DATA EXCERPT |
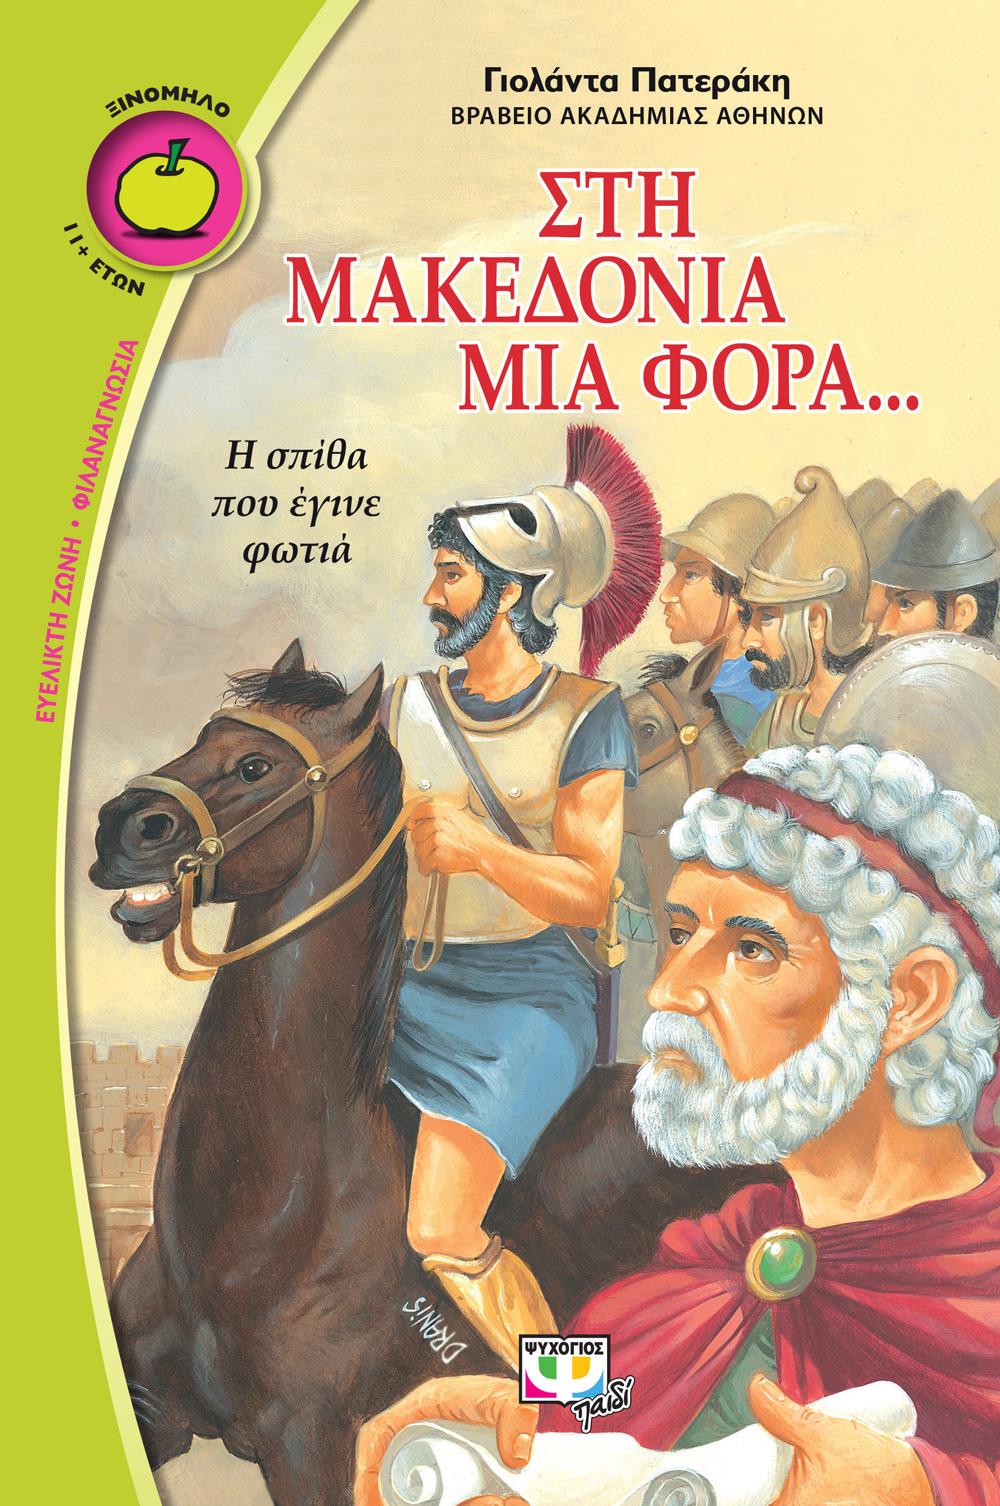 ΣΤΗ ΜΑΚΕΔΟΝΙΑ ΜΙΑ ΦΟΡΑ - ΓΙΟΛΑΝΤΑ ΠΑΤΕΡΑΚΗ
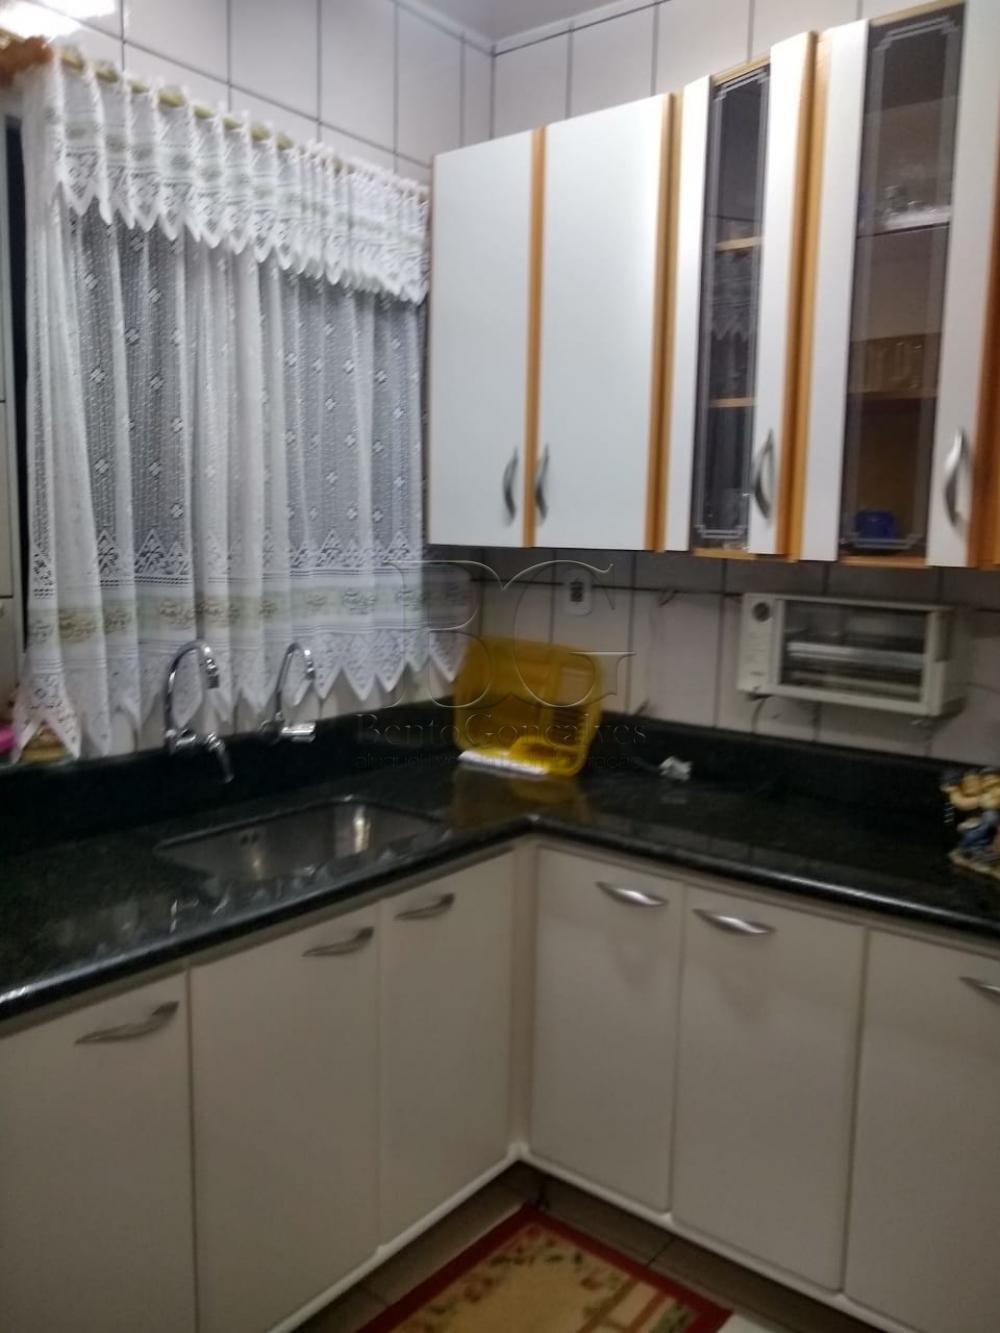 Comprar Apartamentos / Predio comercial e Residencial em Poços de Caldas apenas R$ 400.000,00 - Foto 6
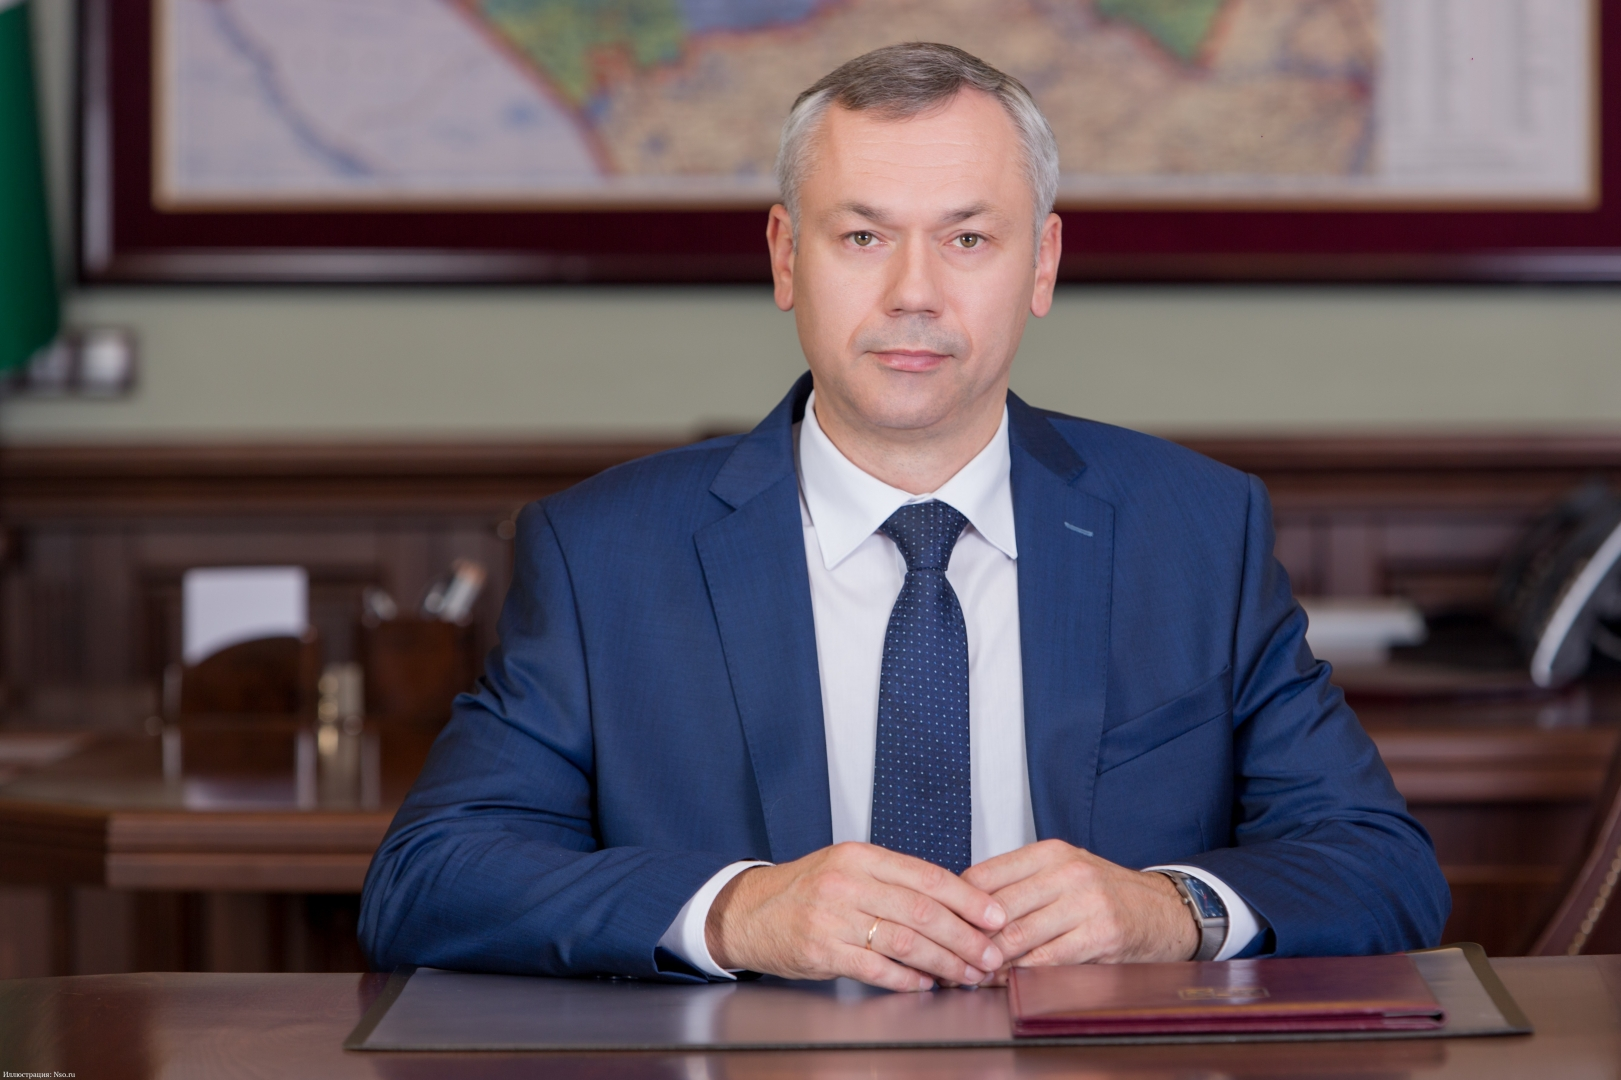 фото главы администрации новосибирской области строгими формами
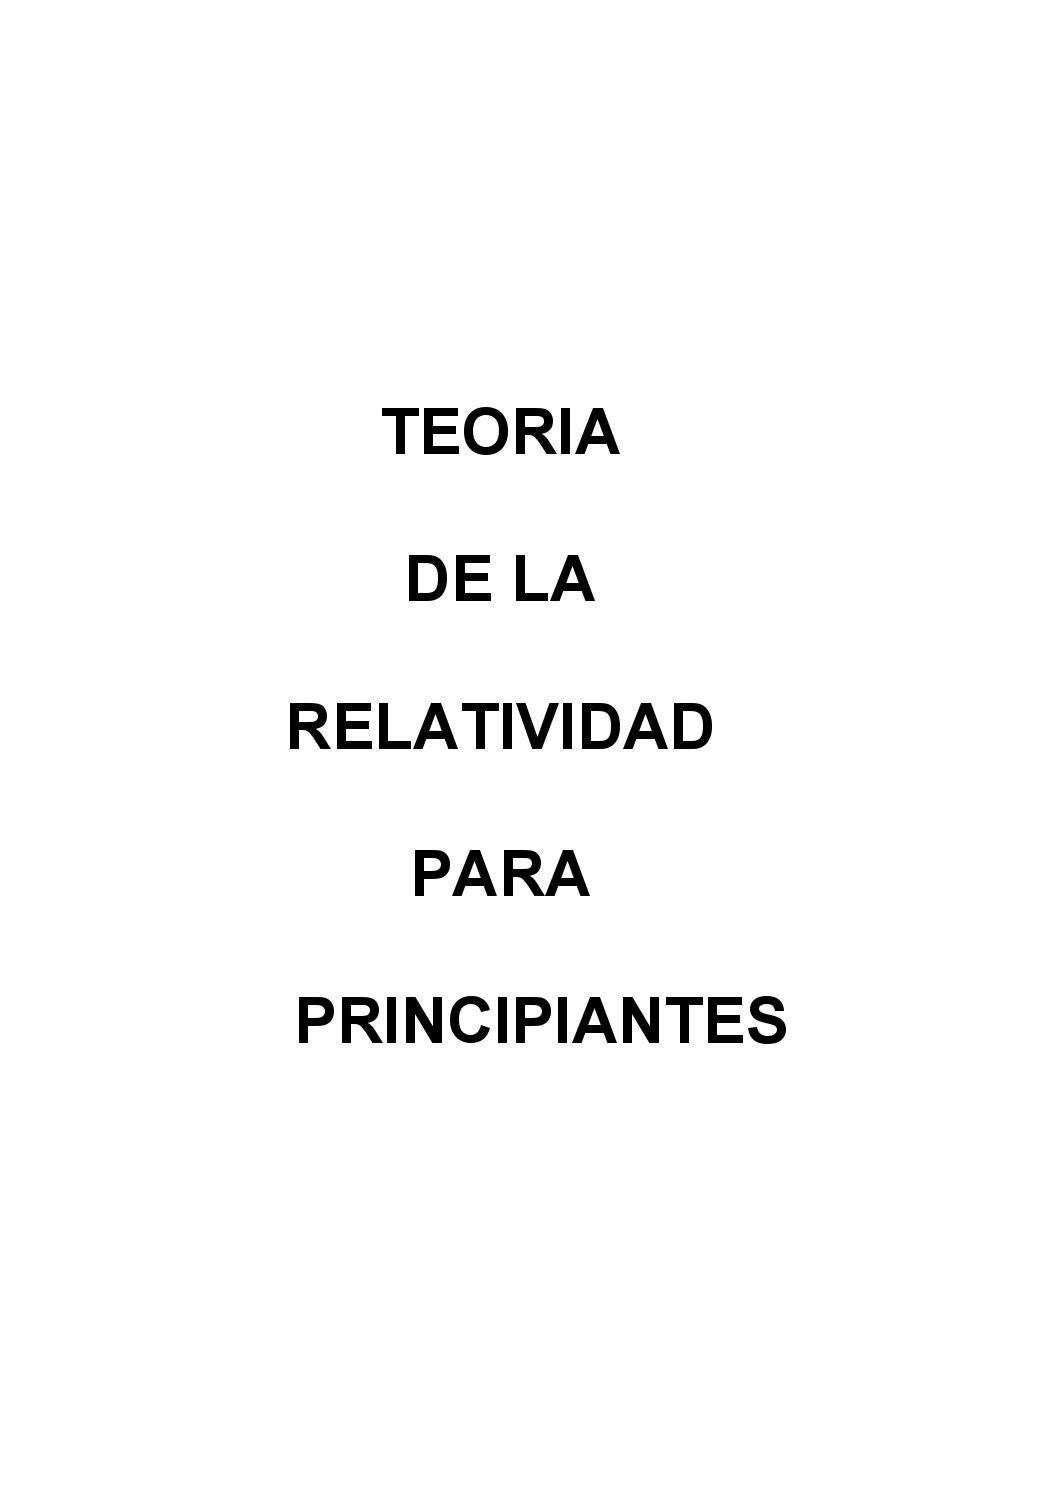 Teoria de la relatividad para principiante by Ernesto Beccari - issuu

WORK TASK | With the pictures left out, return all the material above exactly.

WRITTEN SOLUTION |
 ΣΤΗ ΜΑΚΕΔΟΝΙΑ ΜΙΑ ΦΟΡΑ - ΓΙΟΛΑΝΤΑ ΠΑΤΕΡΑΚΗ
 Comprar Apartamentos / Predio comercial e Residencial em Poços de Caldas apenas R$ 400.000,00 - Foto 6
 фото главы администрации новосибирской области строгими формами
 Teoria de la relatividad para principiante by Ernesto Beccari - issuu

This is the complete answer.